Um exemplo concreto desse tipo de aliança foi implementado na Espanha com o Fundo Huruma, gerido pela GAWA, focado no setor agrícola na África. Nesse caso, a GAWA capta fundos de investidores privados e os canaliza para instituições microfinanceiras, empresas sociais e outras organizações que implementam os projetos.

Esse modelo arrecadou quase 120 milhões de dólares para investimentos agrícolas na África. Desse total, 80 milhões vêm de investidores privados, incentivados a participar porque a Agência Espanhola de Cooperação Internacional para o Desenvolvimento (AECID) contribui com 20 milhões para cobrir possíveis perdas, e a União Europeia adiciona outros 10 milhões para cobrir perdas adicionais e fornecer assistência técnica. Essa estrutura assegura que os projetos funcionem corretamente e reduz o risco para os investidores privados.

O conceito pode ser aplicado em menor escala. A ideia principal é usar fundos públicos para mitigar o risco, de modo que se possa atrair capital privado, conseguindo assim um financiamento mais eficaz e sustentável para projetos que de outra forma não receberiam investimentos significativos.

Explorar essas vias alternativas de financiamento requer uma mudança de mentalidade. As organizações devem ser criativas, inovadoras e pacientes. A transição para esses novos modelos de financiamento não é simples, mas é necessária para assegurar a sustentabilidade e a independência das organizações sociais.

Chaves para Acessar o Financiamento Alternativo

Quais são os critérios que devem ser cumpridos para acessar essas novas formas de financiamento? Listamos os mais importantes:

  • Ter um claro impacto social e ambiental.
  • Apresentar um modelo financeiramente viável e escalável.
  • Demonstrar a sustentabilidade do projeto além do financiamento inicial.
  • Incorporar inovação no design e execução do projeto.
  • Medir e avaliar o impacto social rigorosamente.

Uma Mudança de Mentalidade Necessária

Explorar essas vias alternativas de financiamento requer uma mudança de mentalidade. As organizações devem ser criativas, inovadoras e pacientes.
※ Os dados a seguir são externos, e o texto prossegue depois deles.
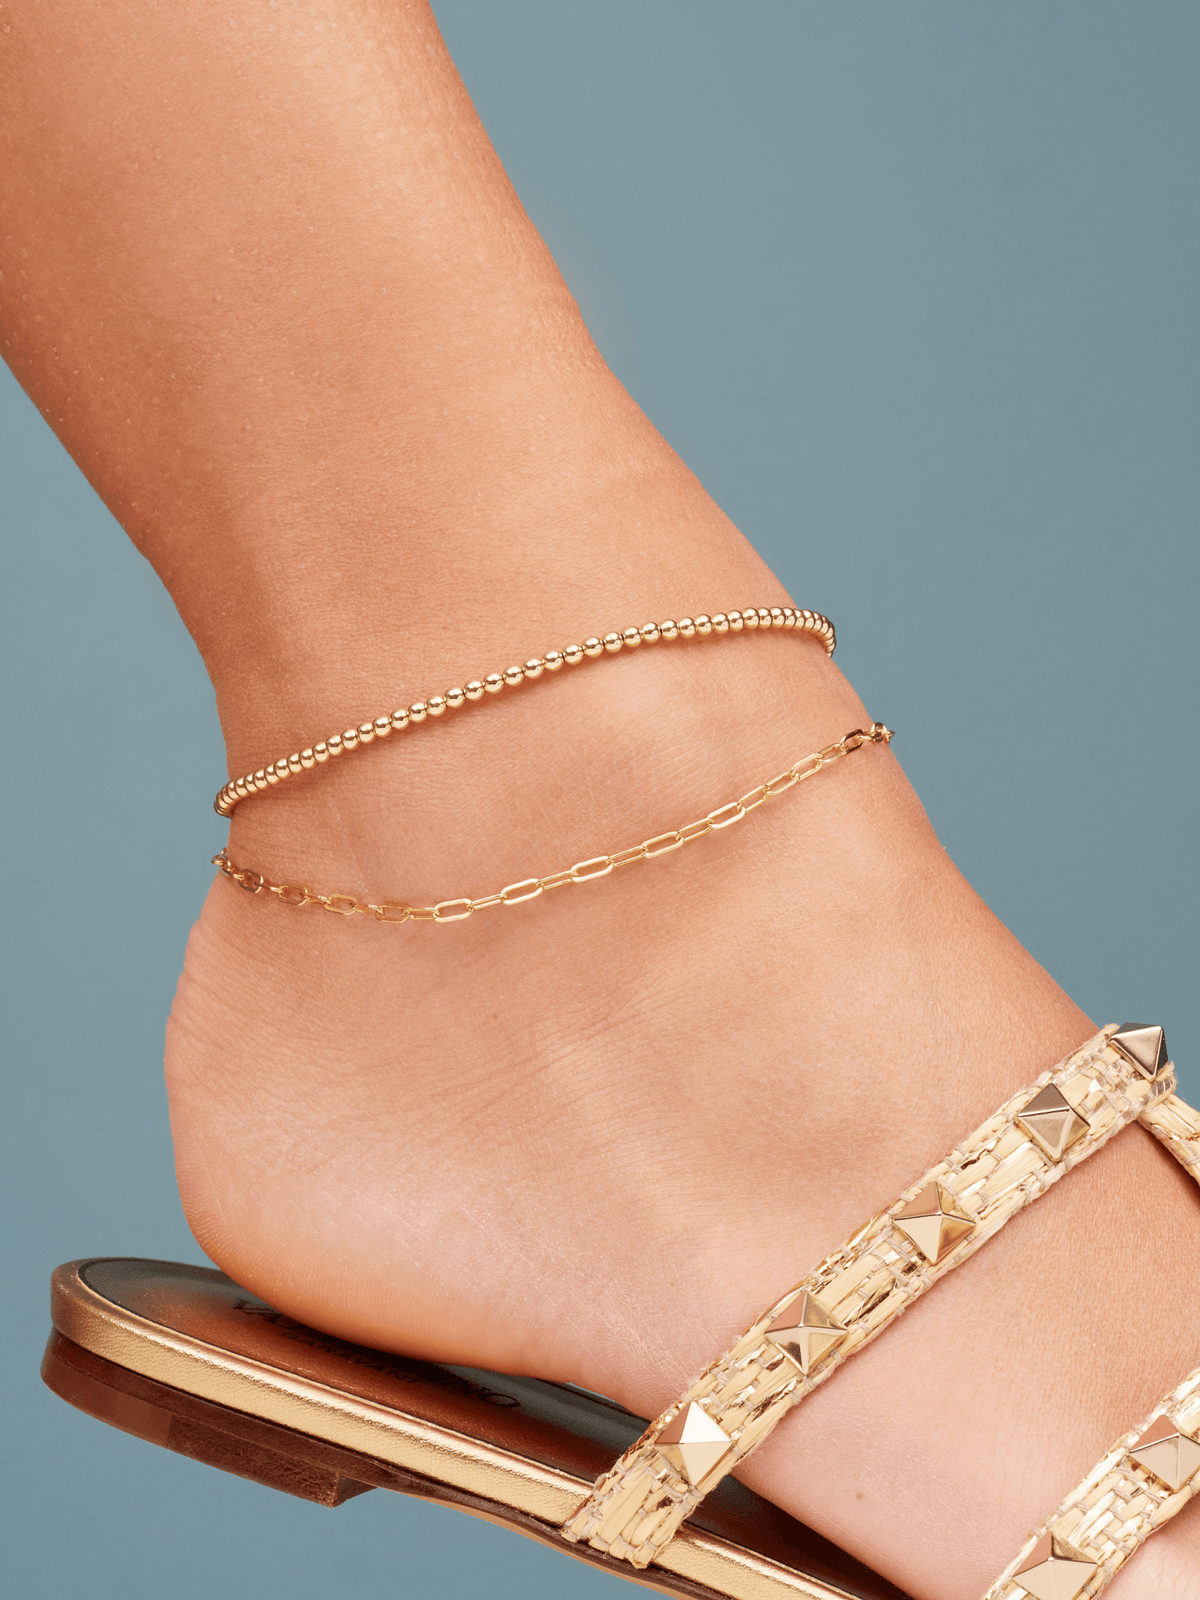 3mm Stretch Anklet layered with Paperclip Anklet on Women's Foot

A transição para esses novos modelos de financiamento não é fácil, mas é necessária para garantir a sustentabilidade e a independência das organizações sociais. É crucial que as ONGs desenvolvam projetos escaláveis, sustentáveis e inovadores, com um claro impacto social e ambiental, para atrair os novos tipos de investidores.

O dinheiro está aí fora, esperando para ser canalizado para as causas que mais precisam. Com a estratégia certa, as organizações sociais podem abrir novas vias de financiamento que não só garantirão sua sobrevivência, mas também potencializarão sua capacidade de transformar o mundo.